The 2-day diet for effortless weight loss

The 2-day diet for effortless weight loss

 

The 2 Day Diet is a very similar diet to Dr. Michael Mosley’s Fast Diet but is based on a different approach to effortless weight loss.

Developed by Dr. Michelle Harvie and prof. Tony Howell , the 2-day diet includes only two days of low calorie diet per week and five days of normal 1800 calorie diet for women and 2200 calories for men.
First of all, let’s see who the 2-day diet is designed for and what are the differences with the famous Fast diet.

2 fast diet

2-DAY DIET: WHO IS IT SUITABLE FOR AND WHAT IS IT DIFFERENT?

The two-day diet was created to allow those with more than 10 or 15 kilos to lose but cannot diet easily and does not eat in a varied and balanced way, but tends to have a disordered diet and are allergic to low calorie diets.
There are three differences with the Fast diet:

  • diet days must be consecutive, for example I recommend Tuesdays and Wednesdays or Wednesdays or Thursdays. Others who don’t go out on weekends and don’t eat more than other days might do it on Saturdays and Sundays.
  • the calories in the diet days are 650 and not 500.
  • instead, calories on non-diet days range from 1800 calories for women to about 2200 for men, while the Fast diet only recommended eating healthier.

Furthermore, the choice of foods is limited to vegetables, yogurt, skimmed or soy milk, egg whites and fruit, broths on low-calorie days. In addition, a supplement of vitamins and minerals.
Obviously as in any diet it is:

  • you need to talk to your doctor first;
  • exercise on non-diet days.

HOW NON-DIET DAYS WORK

During the 5 non-diet days it is advisable to stick to a whole Mediterranean diet. This means preferring skimmed dairy products, yogurt, low-fat milk, eating a maximum of two eggs a week and limiting the consumption of red meat in favor of white meat. At the same time it is necessary to limit sweets by preferring fruit and eat a large portion of vegetables for both lunch and dinner. Finally, it would be better to eat whole foods for what concerns cereals and baked goods and to use whole flours.
This diet can give results in terms of weight loss especially in winter, making the days of holidays fall into non-diet days, even if this means eating more, but at least you will keep the weight instead of losing weight, without the risk of take it.
In the link you will find recipes that will help you make the menus tasty and balanced.
Let’s see in detail how to do the 2-day diet.

TWO DAYS DIET MENU

Breakfast: a glass of skimmed milk or unsweetened soy milk plus 100g of banana, or 180ml of orange juice plus 125g of plain plain or soy low-fat yogurt. Alternatively, a plain or soy low-fat white yogurt and a portion of extralight pumpkin pie.
For dairy products we can also choose lactose-free products, as long as they are zero-fat. 

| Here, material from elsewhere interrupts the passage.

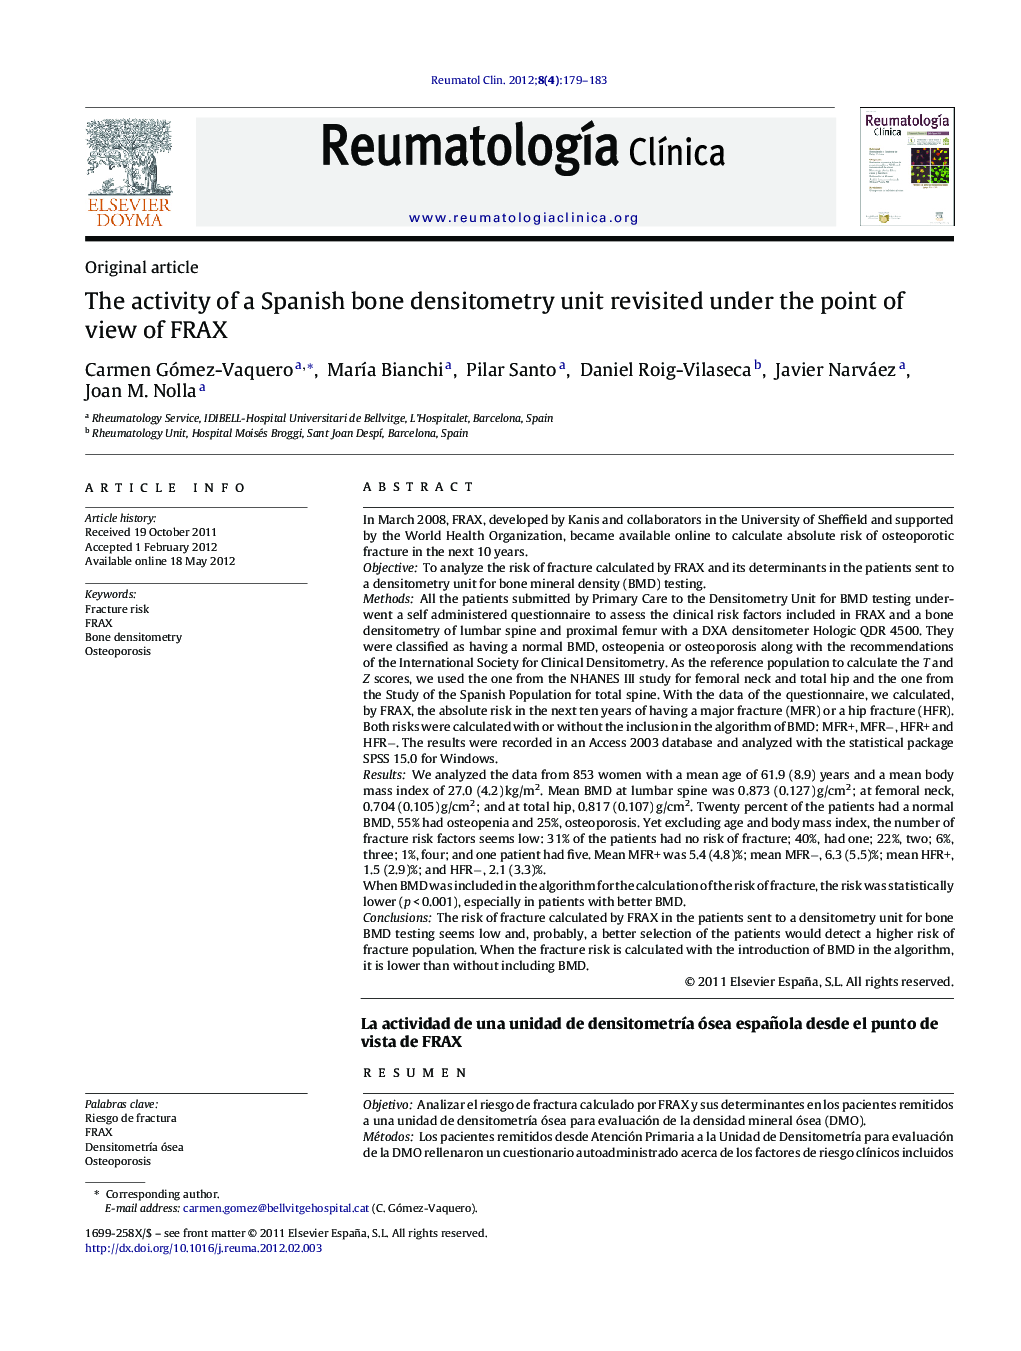 The activity of a Spanish bone densitometry unit revisited under the point of view of FRAX

Snack and snack: a kiwi or a plum of 100 grams.

diet soup 2 days

Lunch and dinner: a vegetable cream made with vegetables of your choice, except carrots, potatoes and beets plus vegetable or meat broth without oil. Alternatively a plate of vegetables of your choice except those mentioned, cooked in a pan or boiled or baked without oil. Or try the slimming and swelling soup.
100 grams of cottage cheese with yogurt or an omelette of 150 grams of egg whites with a level teaspoon of parmesan, cooked in a non-stick pan or a 125 grams low-fat yogurt with fruit.

This menu is the same for men and women.
On page two we see the menu of the 5 days, just to have an example of our diet in the rest of the time.